Il est onze heures moins le quart quand Jonas quitte son bureau pour se rendre dans les appartements d’Aliona. La jeune femme et lui ne font que se croiser ces derniers temps, c’est pour ça qu’ils ont décidé de déjeuner ensemble. À la grande surprise de Jonas, ce n’est pas Aliona, mais Madame Noura qui lui ouvre la porte des appartements royaux.
— Il y a un problème ? Où est Aliona ? s’inquiète le jeune homme.
— Aucun. Vous n’êtes donc pas au courant ? La Reine a annulé tout ce qui était prévu ce matin pour se rendre au Conseil, lui explique la femme de chambre.
— Non. Je ne suis pas au courant puisque je suis là pour la voir, répond Jonas vexé. Vous pensez qu’elle sera quand même disponible pour que l’on puisse manger ensemble ?
— Elle ne devrait pas tarder.
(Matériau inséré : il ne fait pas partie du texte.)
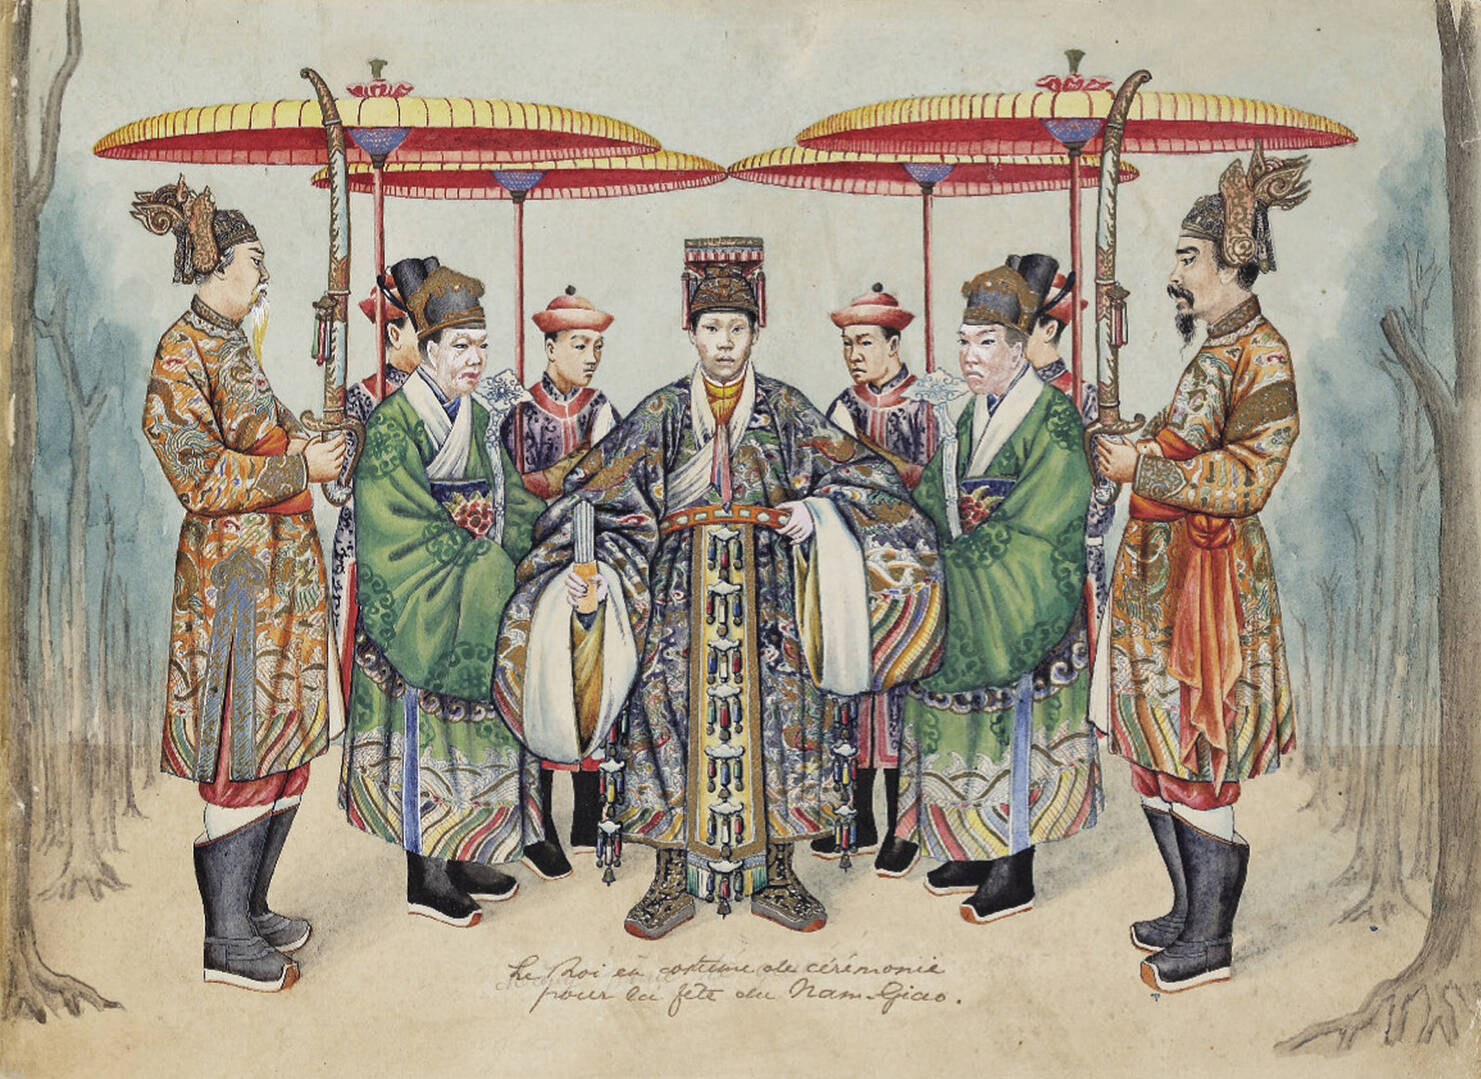 Lễ phục của triều đình An Nam (Grande tenue de la Cour d'Annam) – Tán gẫu về Văn hóa – Lịch sử – Diễn đàn otonet.fun

Vous pouvez l’attendre dans le petit salon, l’invite-t-elle à entrer.
Jonas serre les dents, mais s’exécute. Il s’installe dans le canapé et observe la pièce. C’est la première fois qu’il reste seul ici. Il prend le temps d’admirer les murs richement parés. Les moulures qui ornent le plafond, les tableaux accrochés çà et là, les dorures sur lesquelles se reflètent les rayons du soleil. Le tout est parfaitement équilibré. Une petite bibliothèque se trouve dans un coin du salon. Le jeune homme décide de s’approcher pour examiner les titres qui s’y trouvent. Il sourit quand il se rend compte que ce sont principalement des livres d’histoires sur les cinq royaumes. Il saisit un ouvrage au hasard et va s’installer sur le canapé en velours qui trône au milieu de la pièce.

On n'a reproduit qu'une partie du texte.